Leaving out the pictures, retype exactly the lines from the one holding "KMUYSL Punching Bag" through the end of the material.

| DATASET EXCERPT |
┄┄┄┄┄┄┄┄┄┄
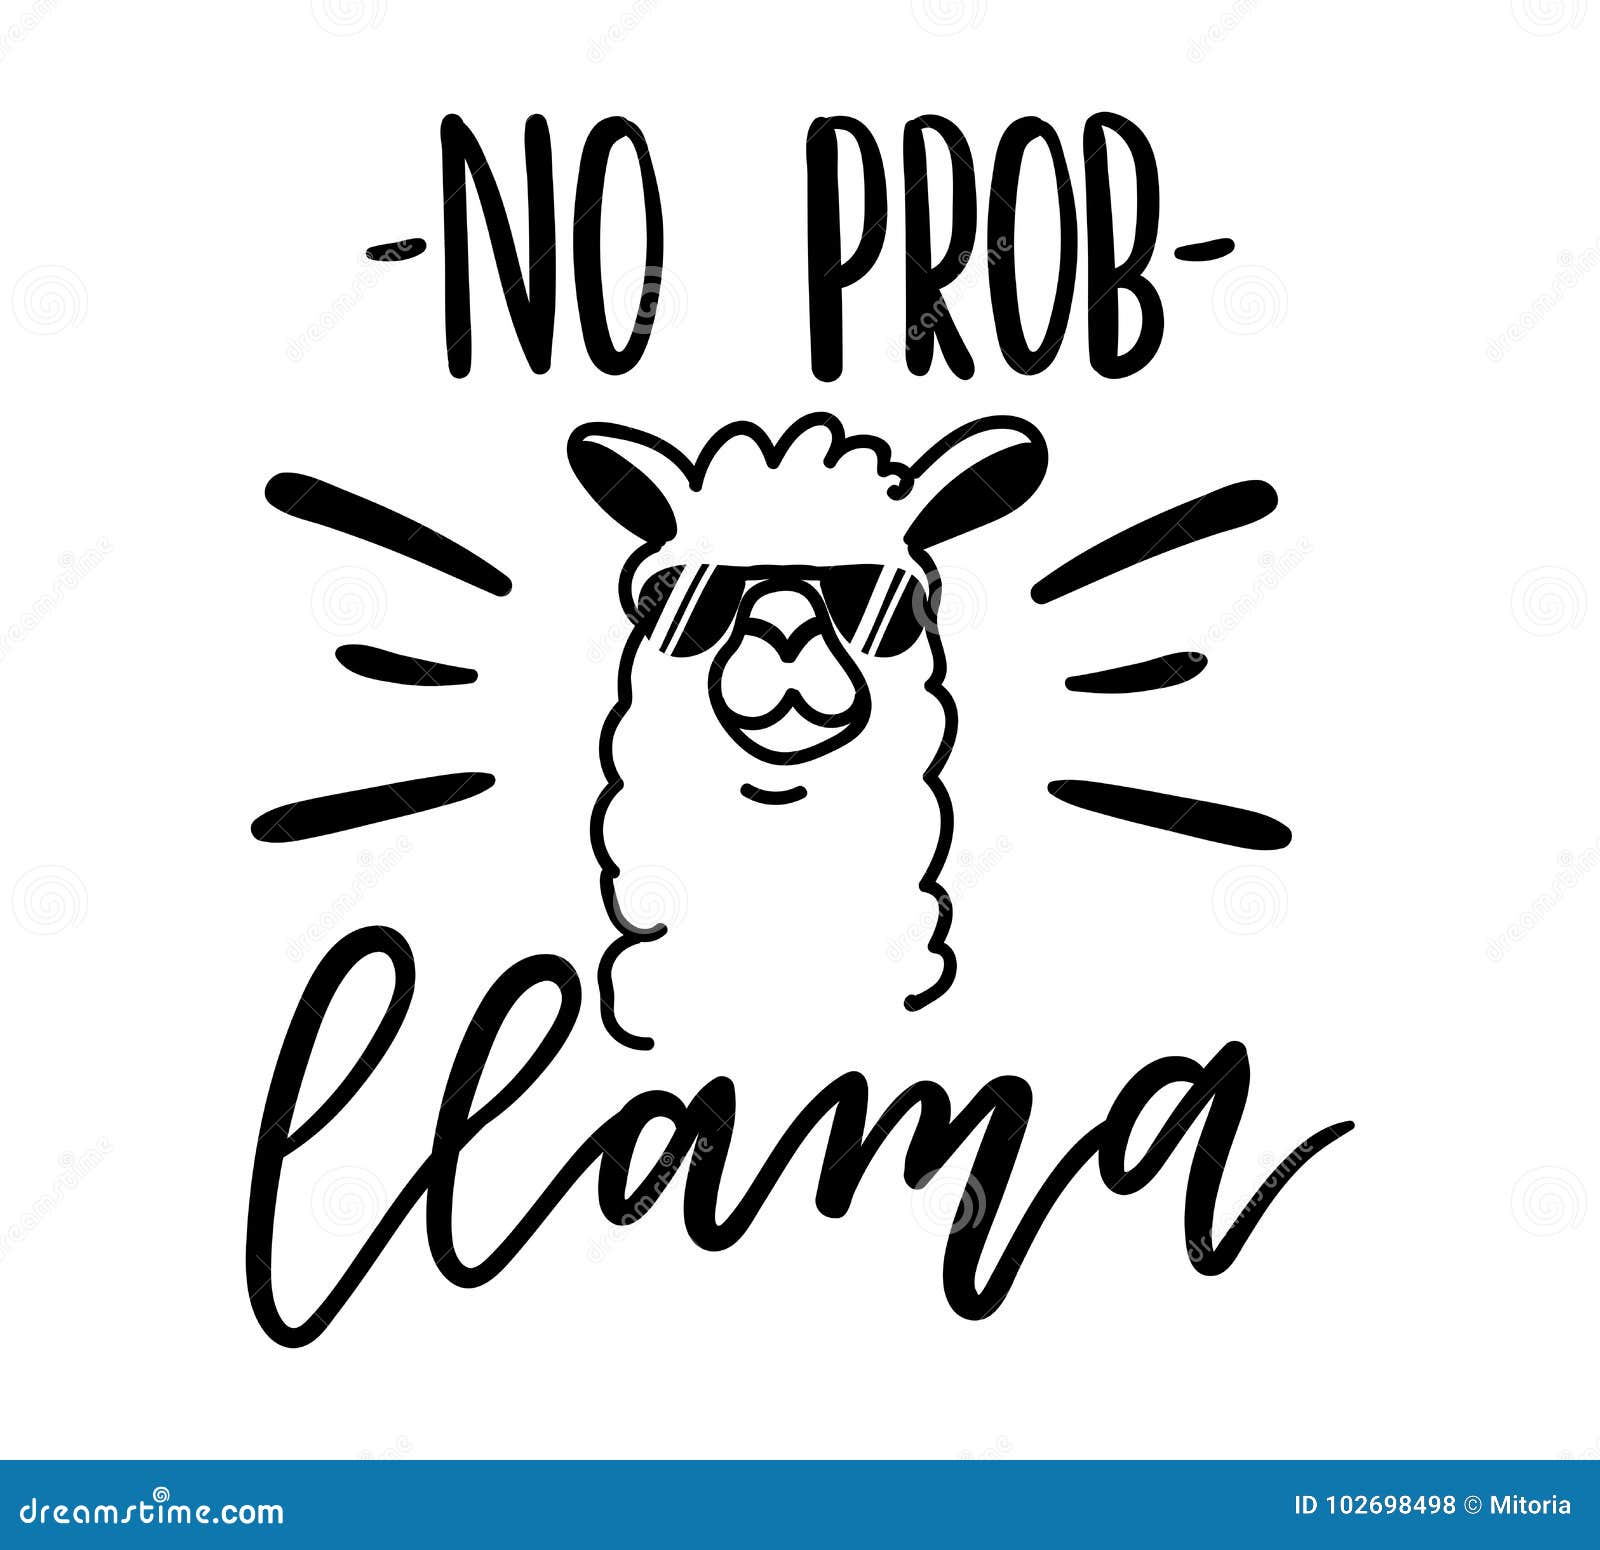 llama quote with doodles. no prob llama motivational and inspirational quote.
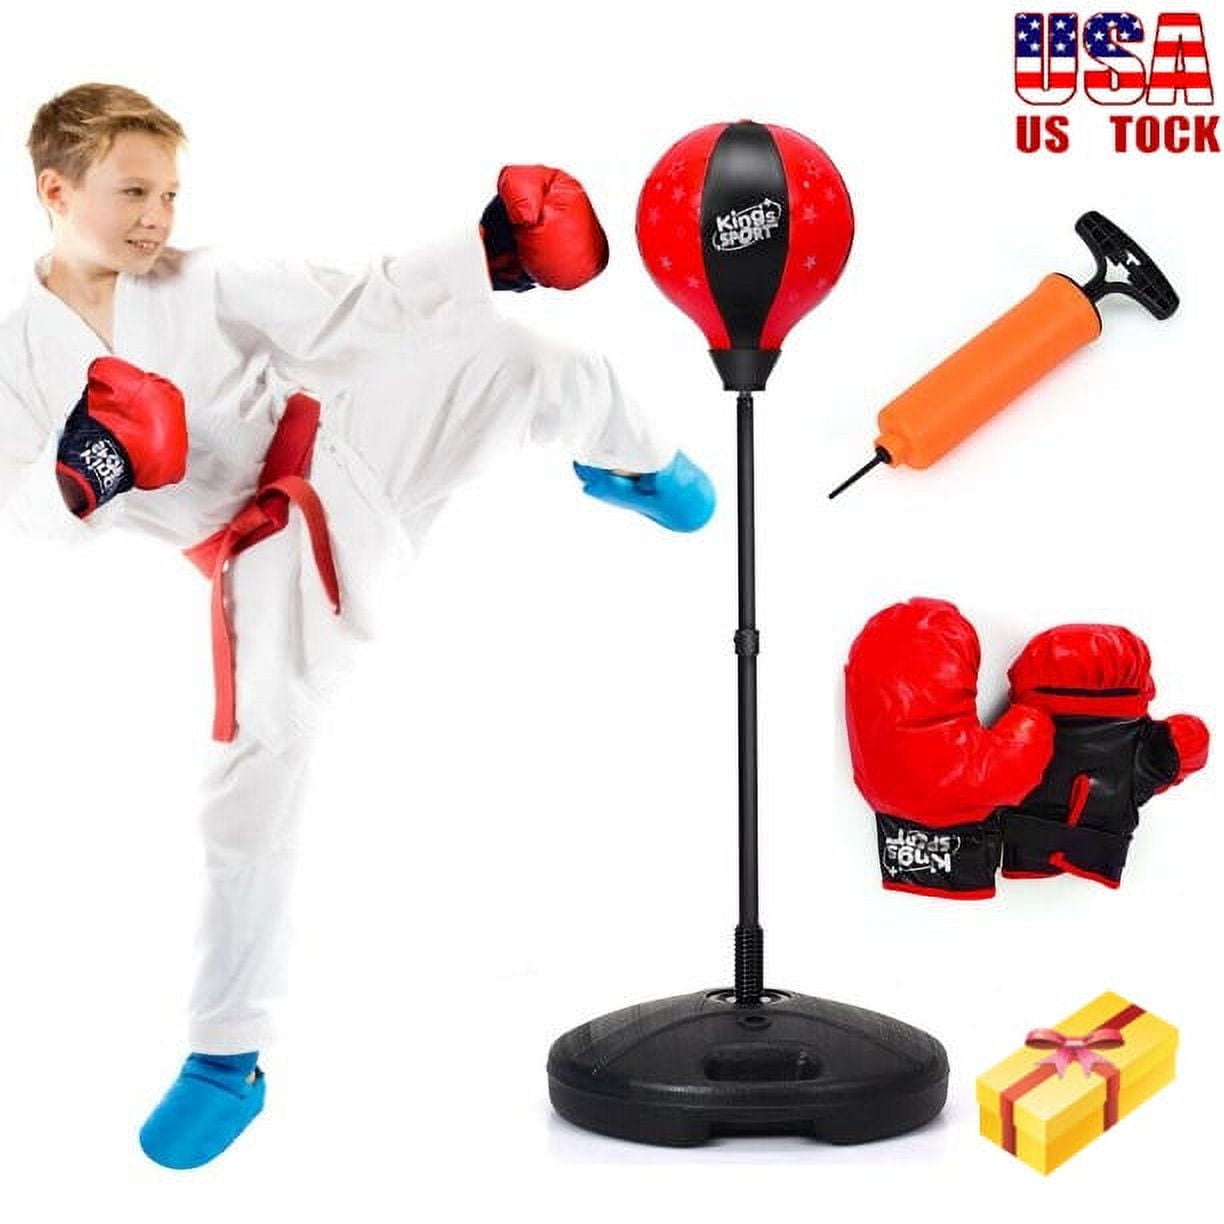 KMUYSL Punching Bag for Kids, Boxing Bag with Gloves, Height Adjustable  Punching Bag for Age 5, 6, 7, 8 9 10+ Years Old Boys Girls, Ideal Chritsmas
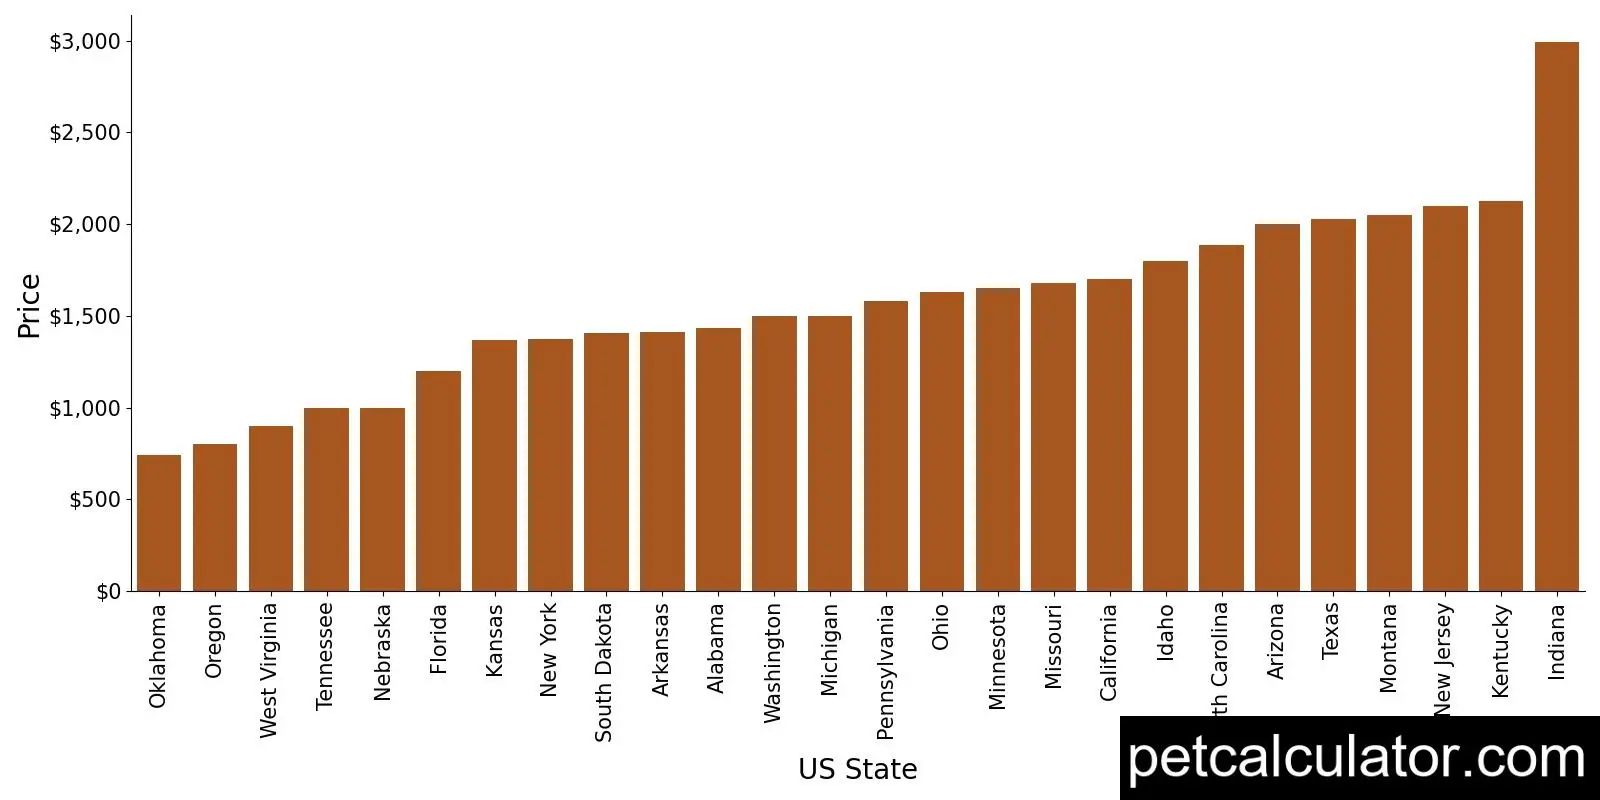 Price of Scottish Terrier by US State
┄┄┄┄┄┄┄┄┄┄
| OUTPUT FOR THIS TASK |
 KMUYSL Punching Bag for Kids, Boxing Bag with Gloves, Height Adjustable  Punching Bag for Age 5, 6, 7, 8 9 10+ Years Old Boys Girls, Ideal Chritsmas
 Price of Scottish Terrier by US State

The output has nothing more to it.